"the whole nine yards" 1942

Stephen Goranson goranson at DUKE.EDU
Mon Aug 6 11:03:25 UTC 2007


The phrase was passed along in U.S. defense contracting circles and may well
have started there on April 23, 1942.

The 1966 usage that Bonnie Taylor-Blake found appears in Session IV, "Panel
discussion--Viet Nam," a 24 September 1966 session in Beverly Hills, CA of The
Society of Experimental Test Pilots, published in their Technical Review (v.8
n.2., "1966 Report to the Aerospace Profession"). The moderator was Leonard
Sullivan, from the Office of the Director of Defense Research and Engineering
(the same office reappears below). The three panelists were from the three
service branches. The speaker was Air Force Brigadier General Robert F. Worley.

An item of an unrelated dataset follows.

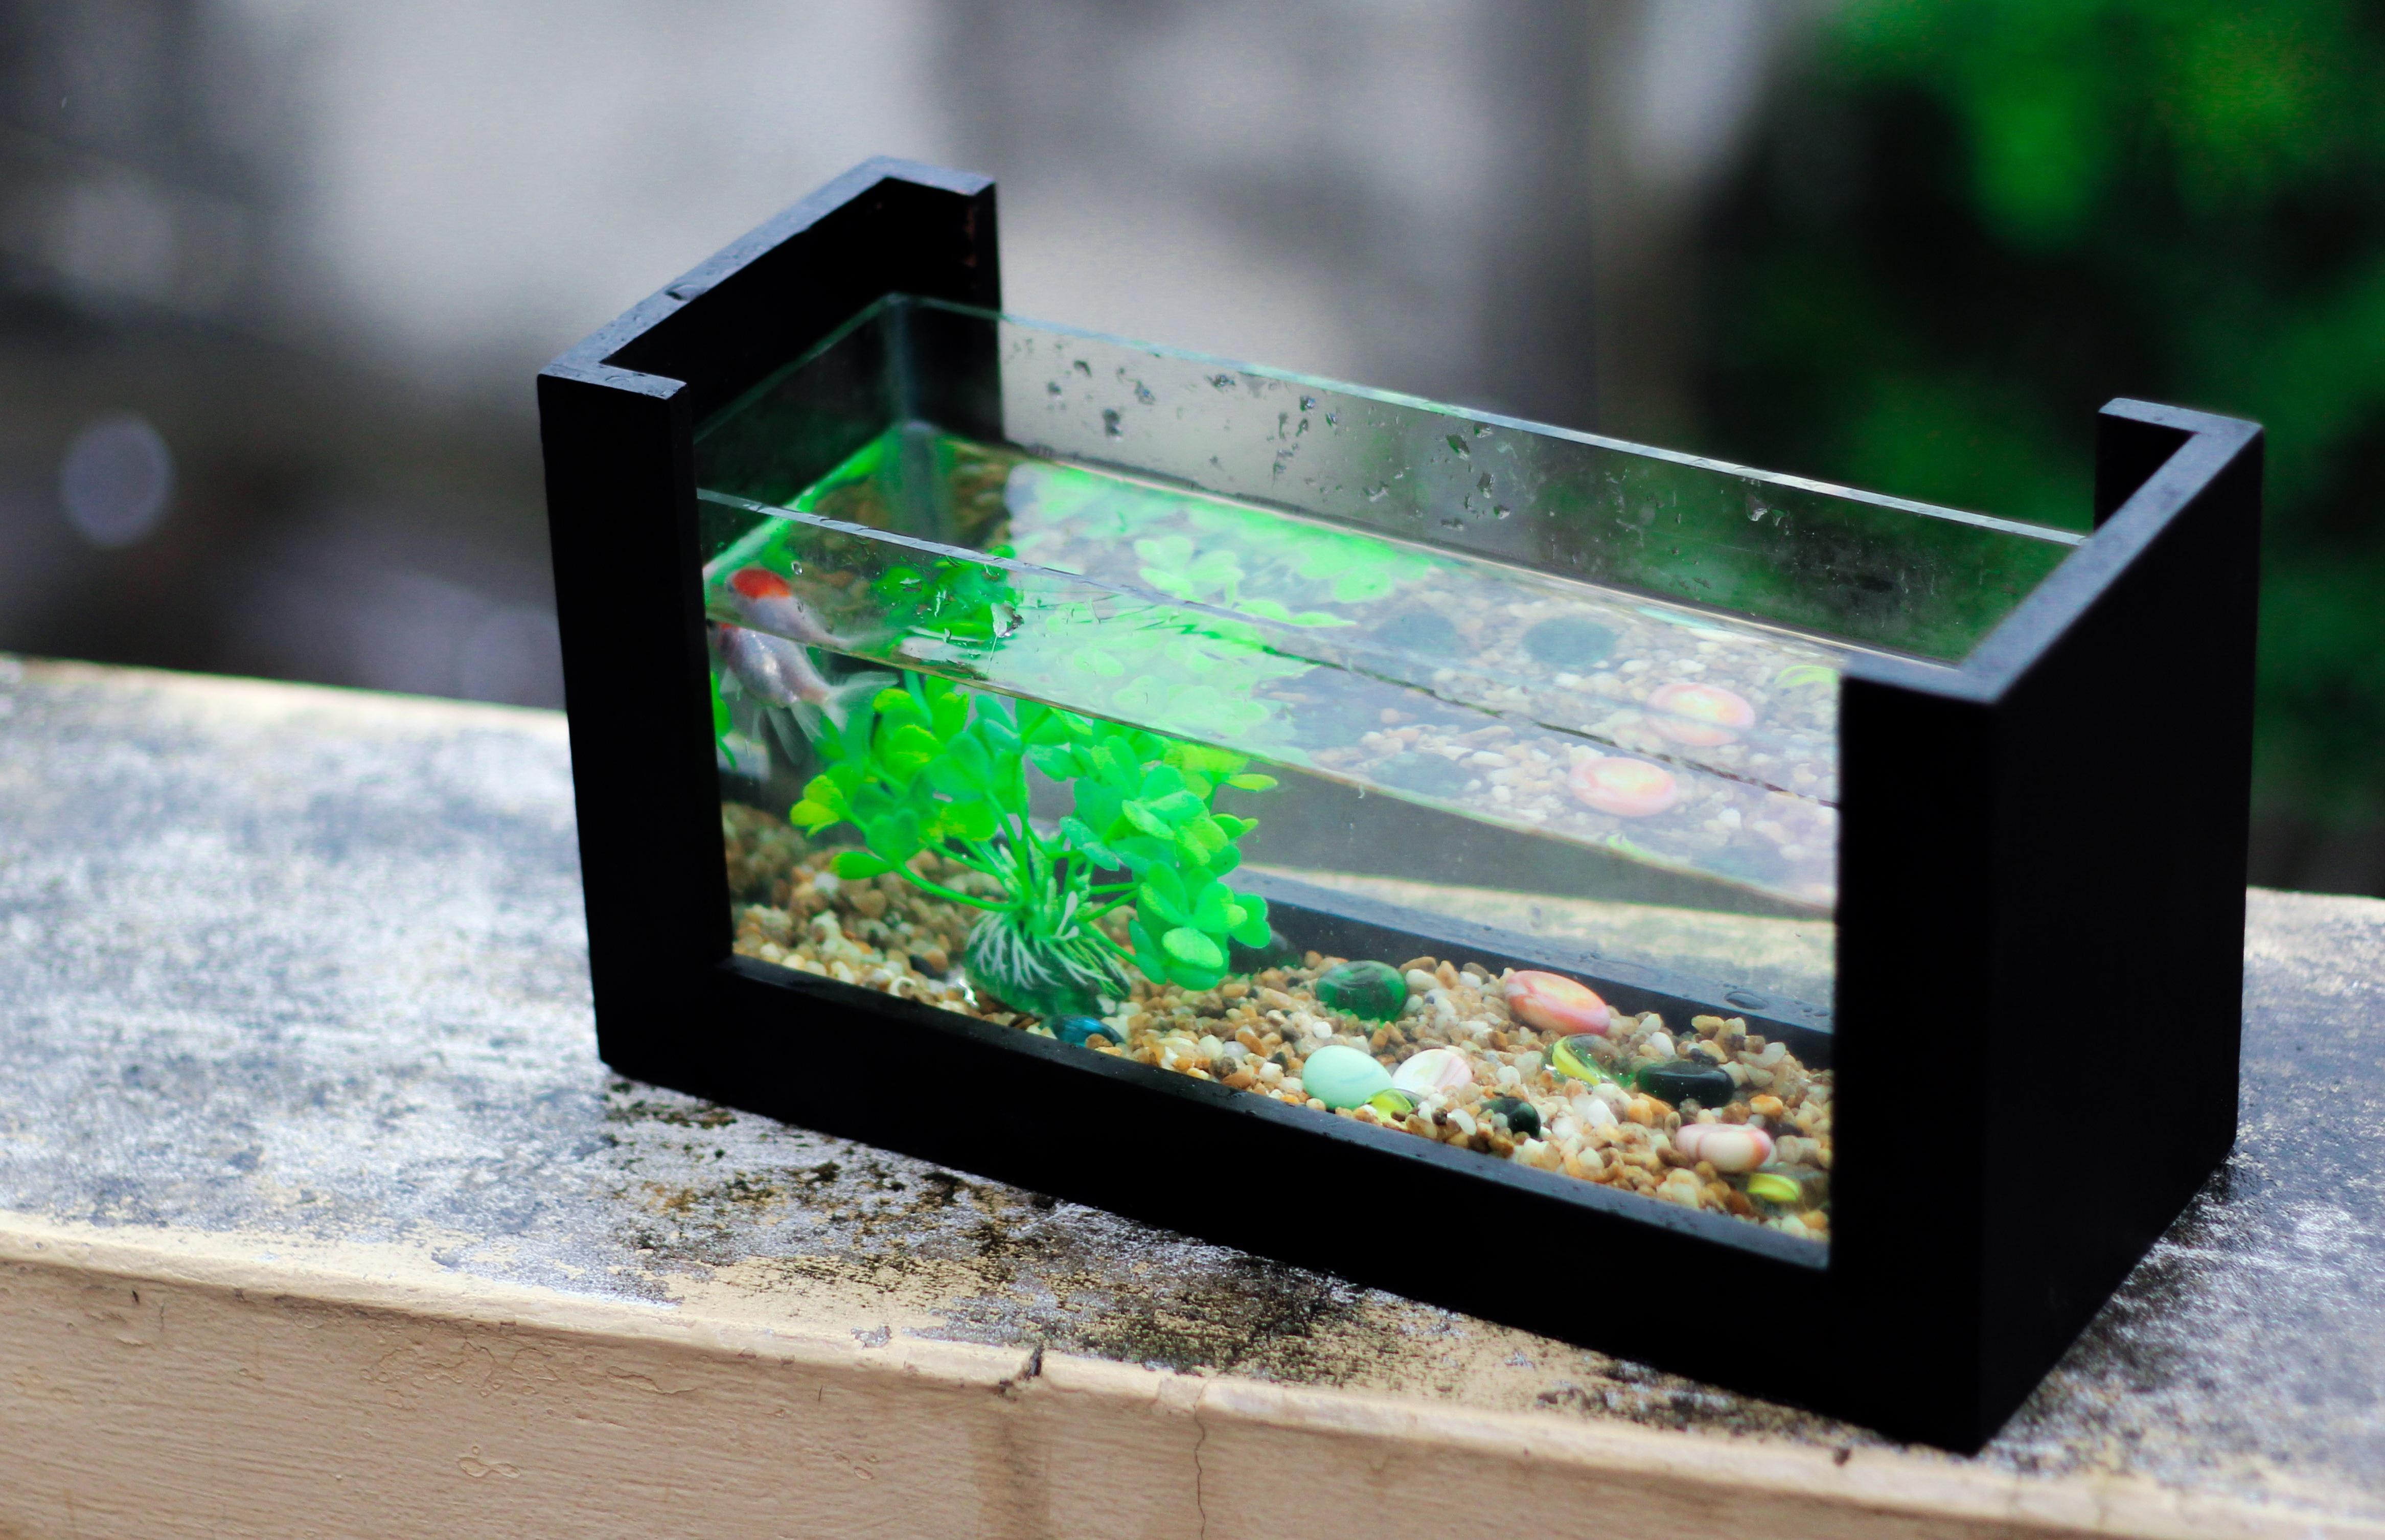 kostenlose foto gr n biologie frisch fisch aquarium bilderrahmen anzeigeger t. Black Bedroom Furniture Sets. Home Design Ideas

"There are several answers to vulnerability problems produced by subsystem
arrangements. Self-sealing tanks were touched on this morning. Armor plating
around vital areas can help protect sub-systems.  Certainly emergency
mechanical linkage for control systems is an item we are all interested in.
Then two-engines, two pilots, and the rest, the nine yards of things that we
have really all been aware of for a long time and should pay a lot more
attention to." (p.176)

>From the front matter: "Sessions III and IV have been almost entirely
transcribed from taped recordings. Although a conscientious effort has been
made to assure accuracy in these transcriptions, the reader is requested to be
tolerant of any errors which may have occured in the process. This is
especially true in the areas of Vietnamese geographical names and recently
coined technical references."

On Sept. 24, 1973, Malcolm R. Currie, The Director, Defense Research and
Engineering testified at a House Defense Appropriations hearing. He submitted a
report. On page 431 in the report:
"_Use of prototypes_. We are using prototypes to improve the acquisition
process....mental prototypes, major programs to improve existing systems, and
the evaluation of foreign R. D. T. & E. programs.
_Radically smaller industry design teams_. We are attacking this problem from
both ends of the spectrum--that is, using experimental prototype programs to
determine the size of a 'bare-bones' team and, at the other end, scrubbing the
'whole nine yards' of requirements to the minimum that will still enable the
system to fill the operational need."

Currie was asked (p. 408) to introduce himself: "I was in the U.S. Navy in World
War II where I went through flight training." Then a physics and electrical
engineering Ph.D., Berkeley. Then with Hughes Aircraft and Beckman Instruments.
Recall the 1964 usage was of an item by item report on a project, and the 1969
Graphic Science "entire nine yards" usage was specifically on military
contracting.

This report was typeset in Department of Defense Appropriations for 1974:
Hearings ..., 93-1 (which I checked in the paper version); google books also has
scanned a typewritten (earlier?) version of the report that reads here "the
whole 9 yards." Some other congressional reports have "the full 9 yards,"  as
well as "whole" or "full nine." Often google misidentifies the dates and
sometimes also the names of committee hearings.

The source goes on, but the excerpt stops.